### [Problem description]
Reproduce, without alteration, every line of the data; exclude the images.

### [Given information]

-*-*-

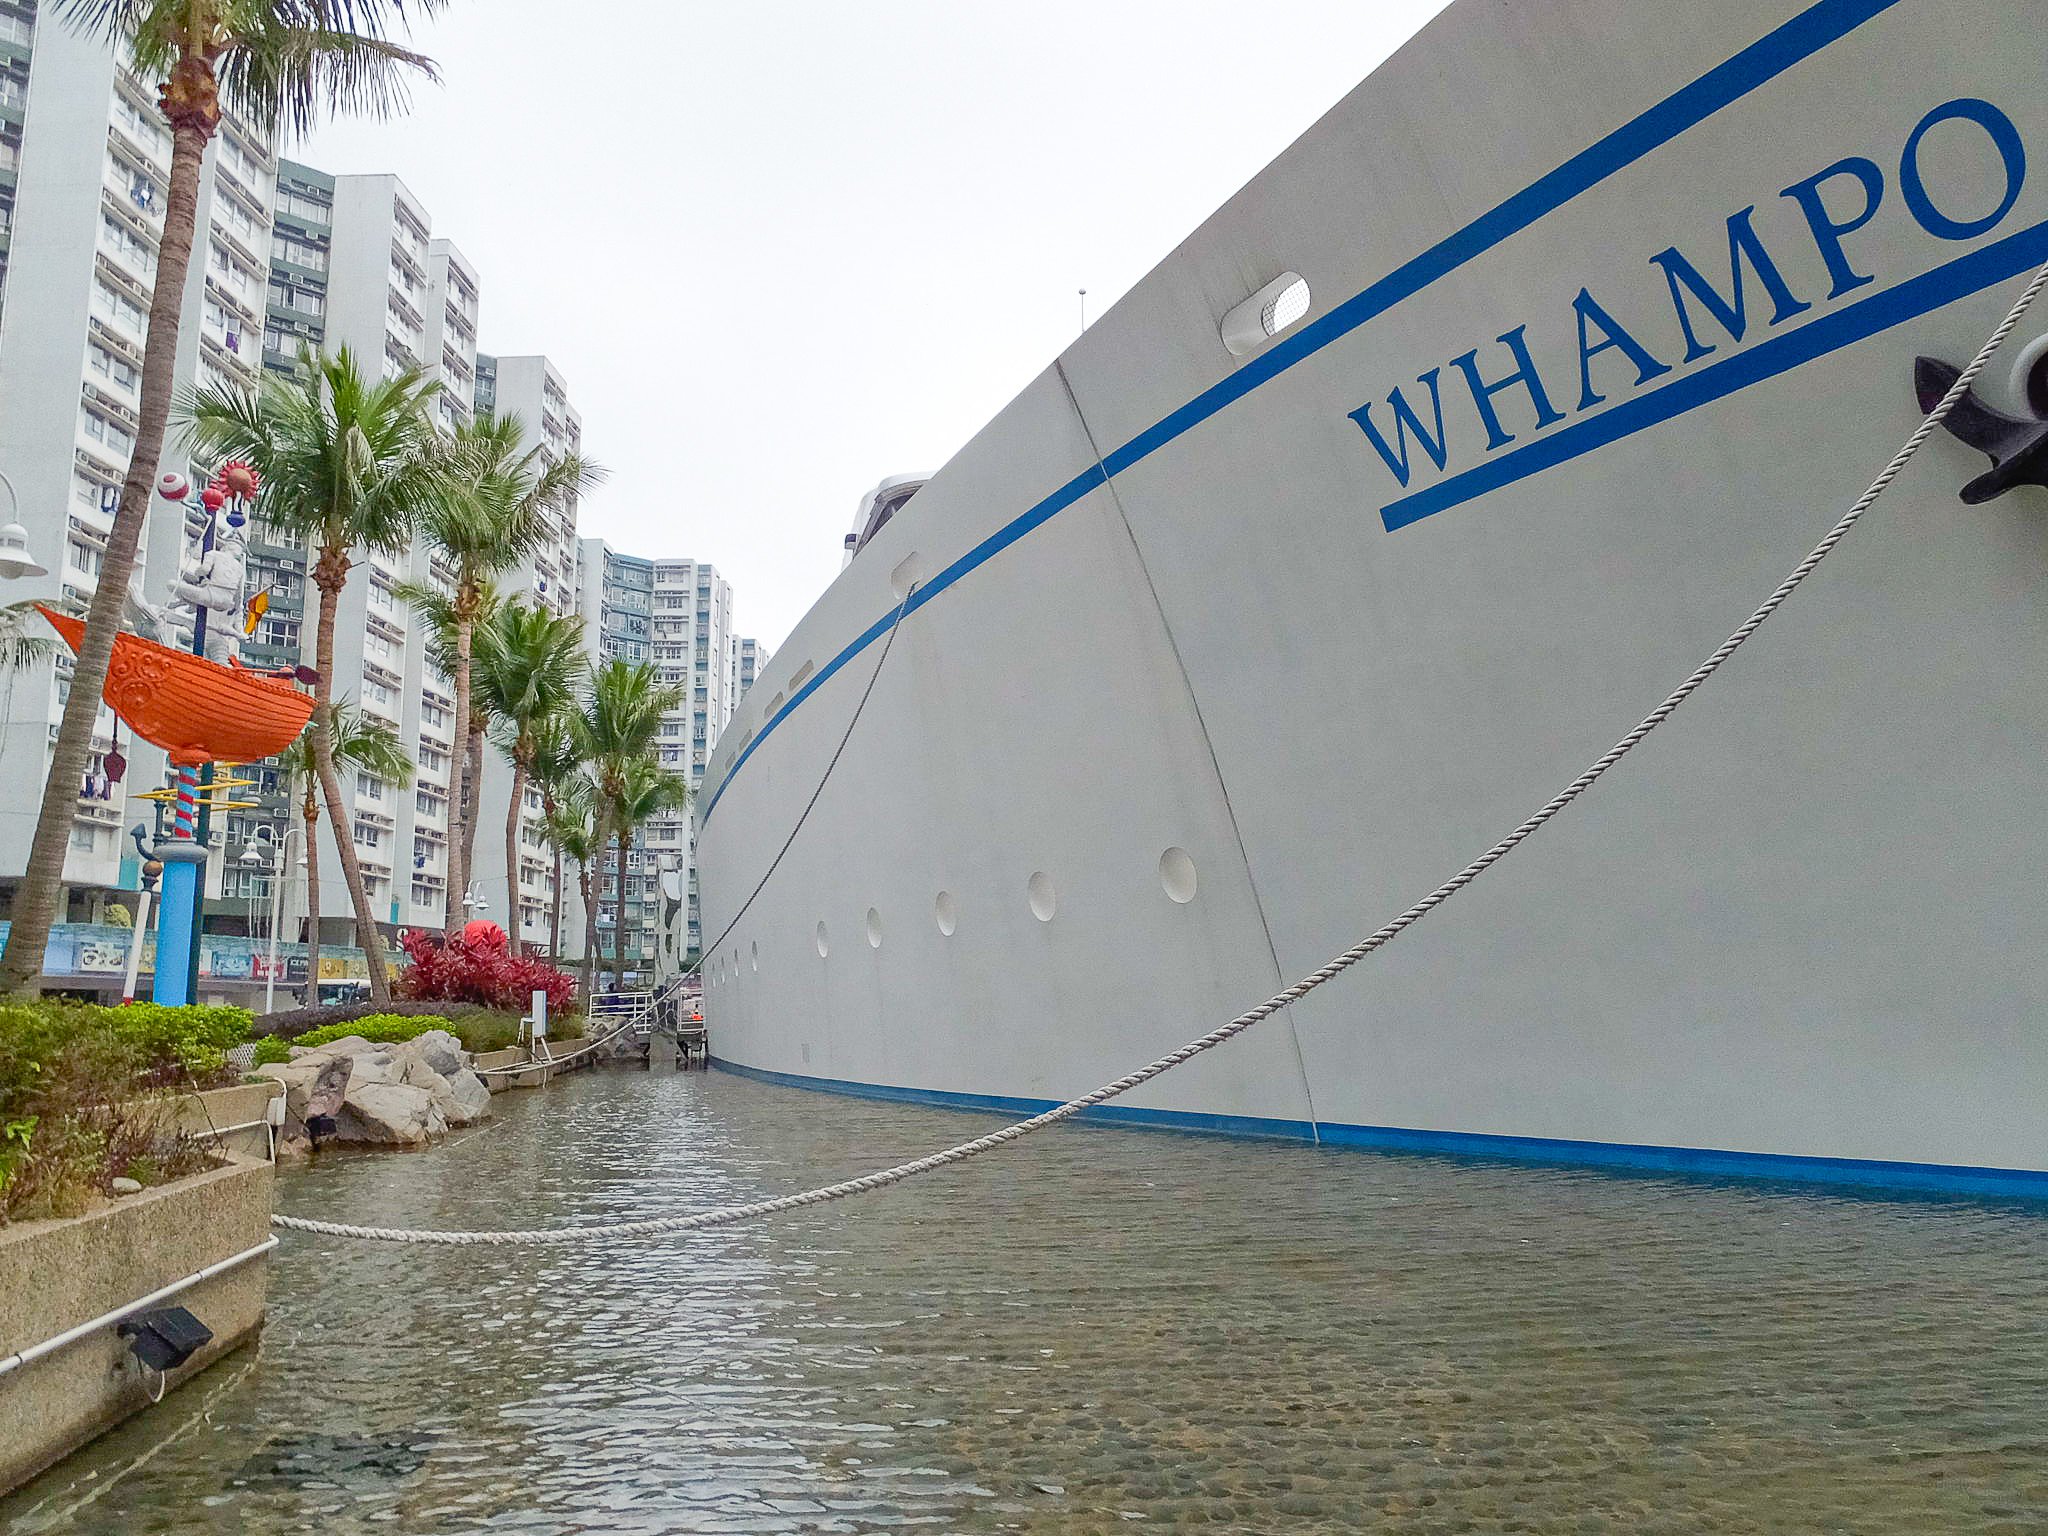 HONG KONG CRUISE SHIP SHOPPING MALL: The Whampoa
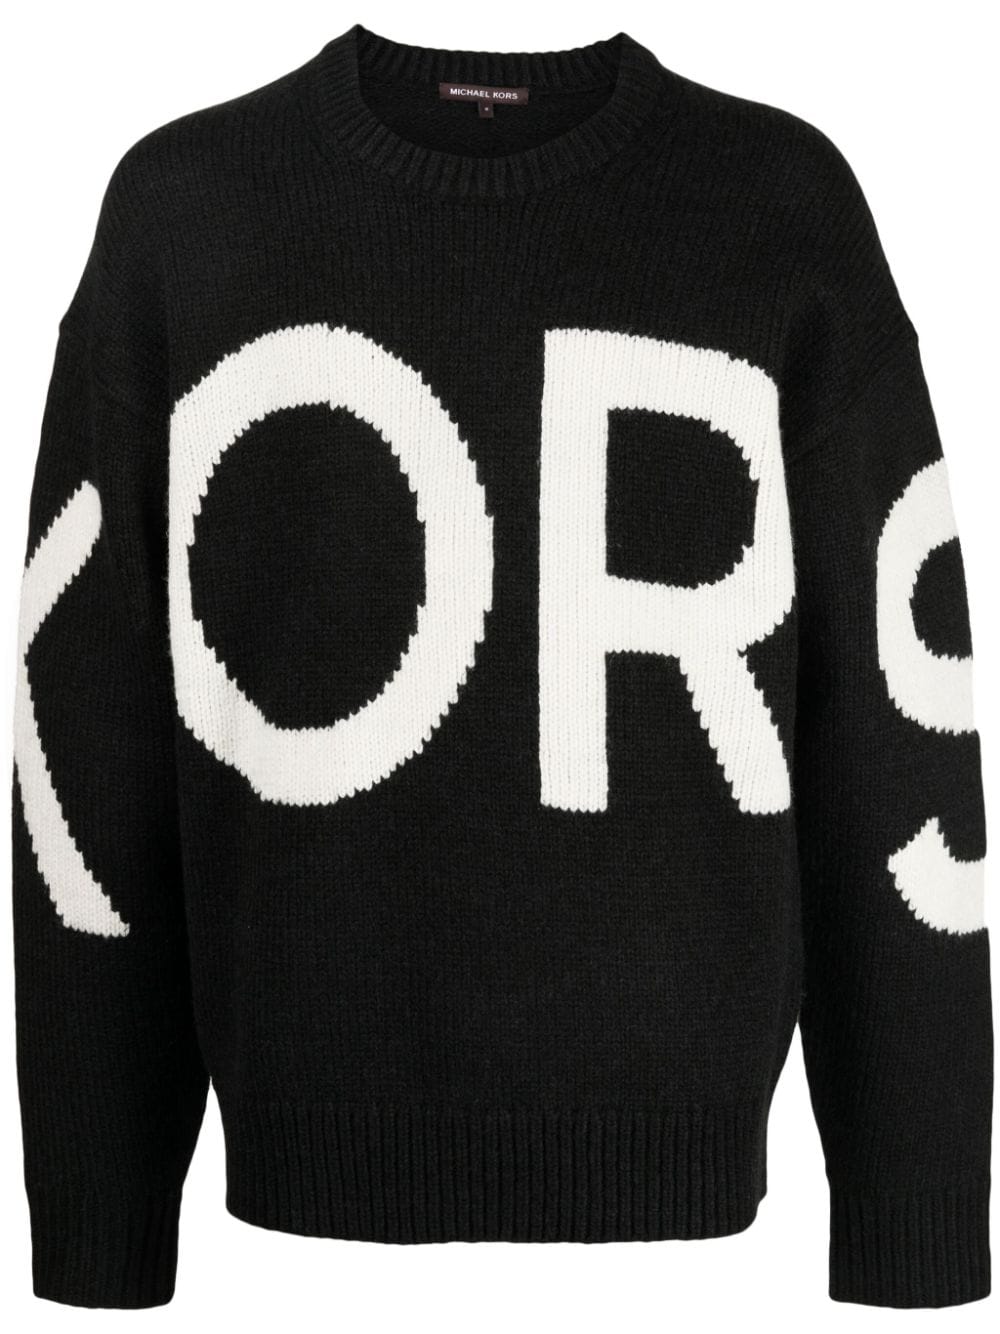 Michael Kors Kors Knit Jumper In Black
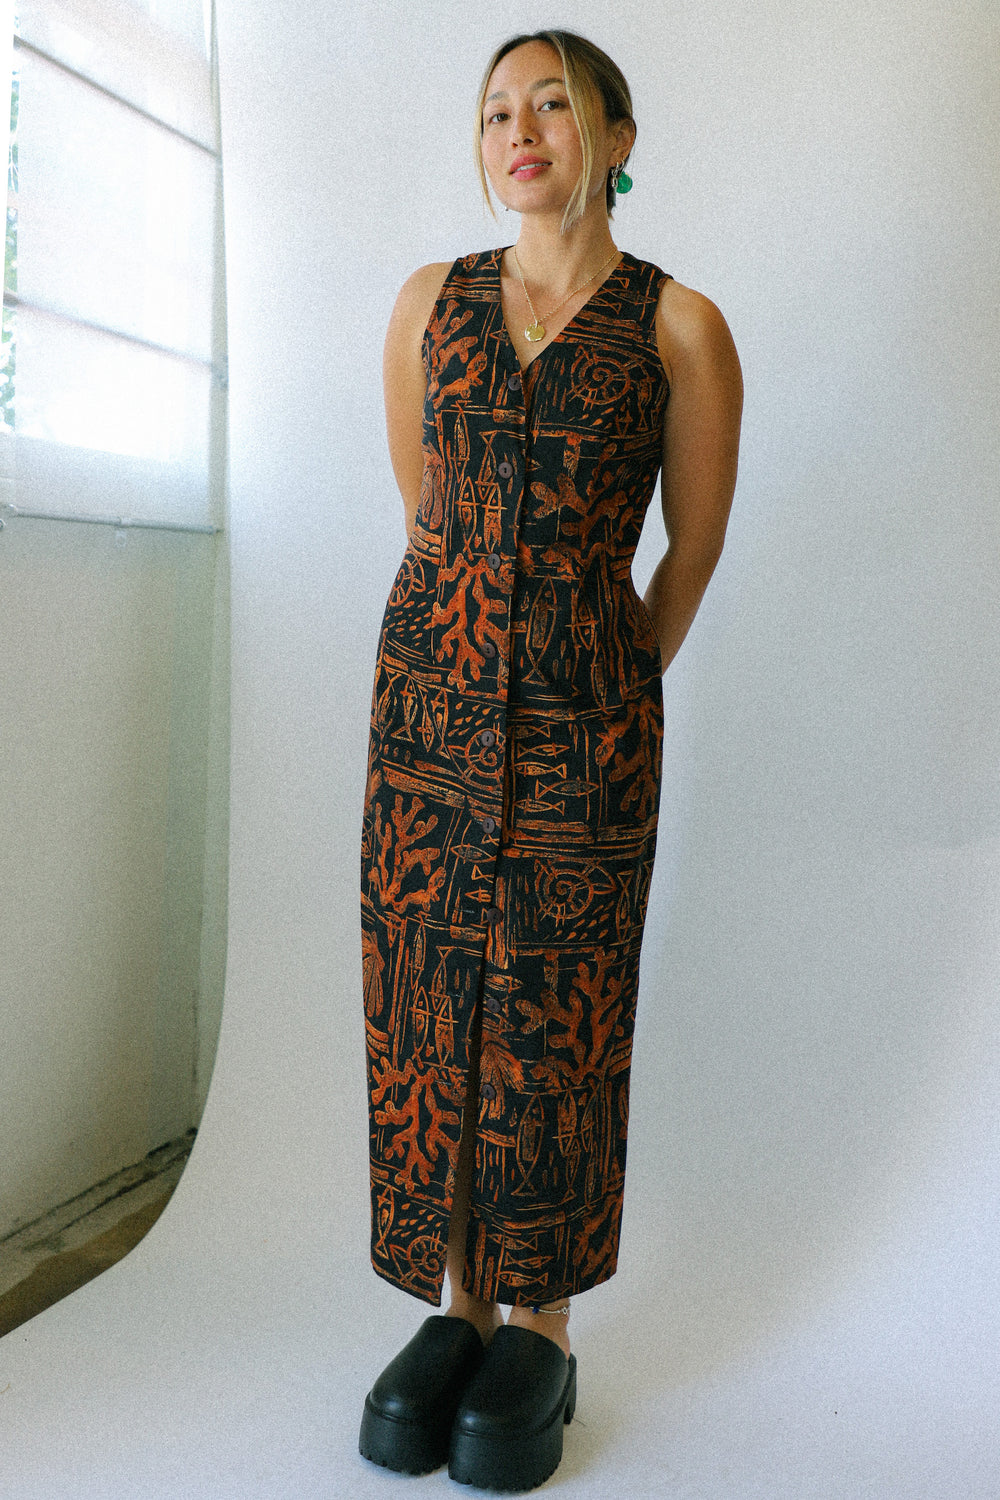 Hilo Hattie Hawaiian Dress
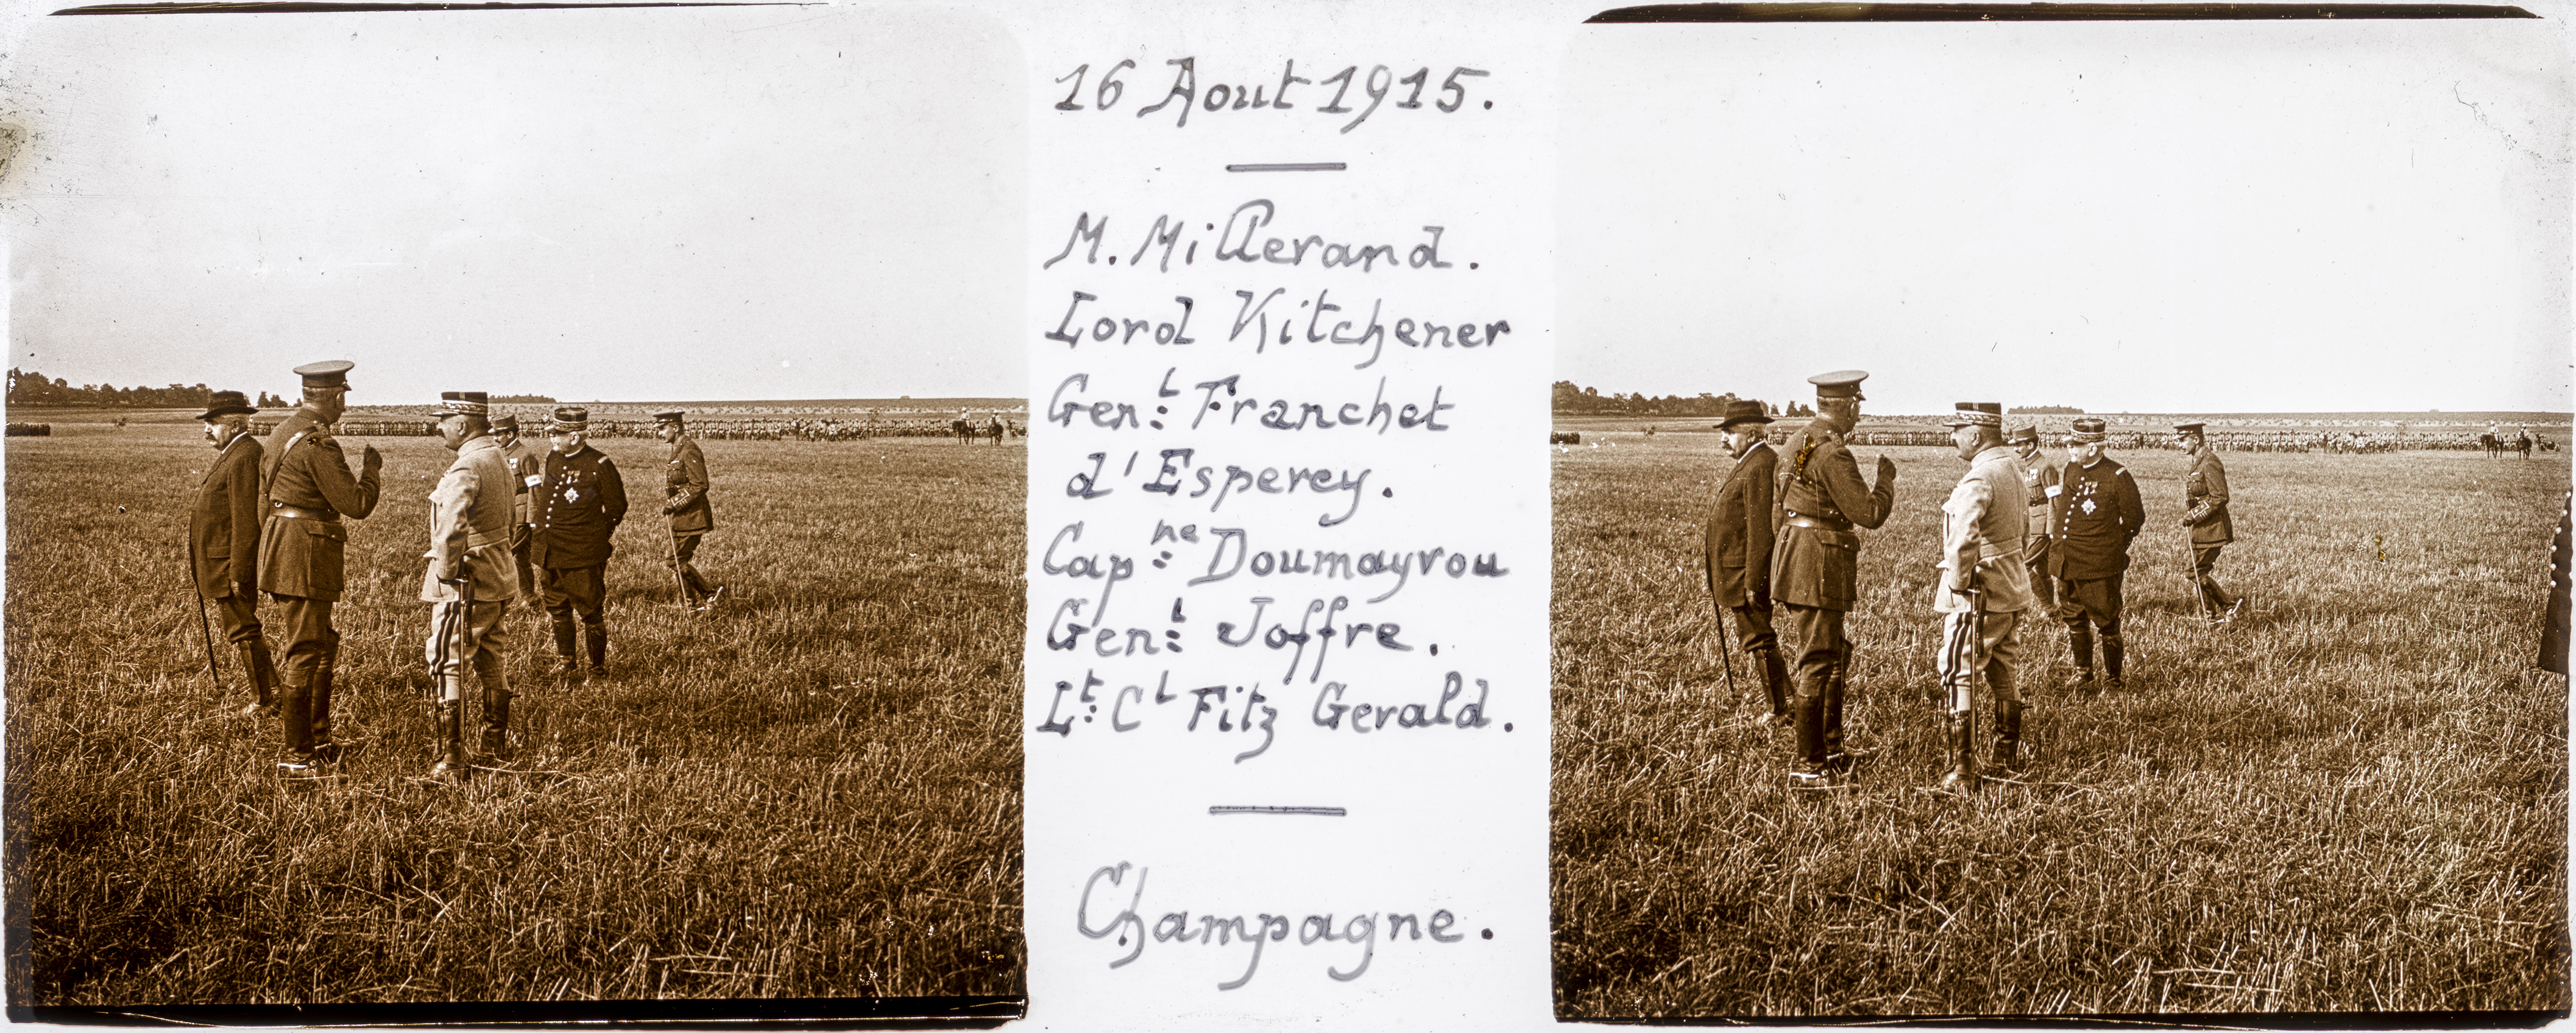 M.Millerand, Lord Kitchener, Général Franchet d'Esperey, Capn.Doumayrou, Général Joffre, Lt.Cl.Fitzgerald

-*-*-

### [Answer to the exercise]
 HONG KONG CRUISE SHIP SHOPPING MALL: The Whampoa
 Michael Kors Kors Knit Jumper In Black
 Hilo Hattie Hawaiian Dress
 M.Millerand, Lord Kitchener, Général Franchet d'Esperey, Capn.Doumayrou, Général Joffre, Lt.Cl.Fitzgerald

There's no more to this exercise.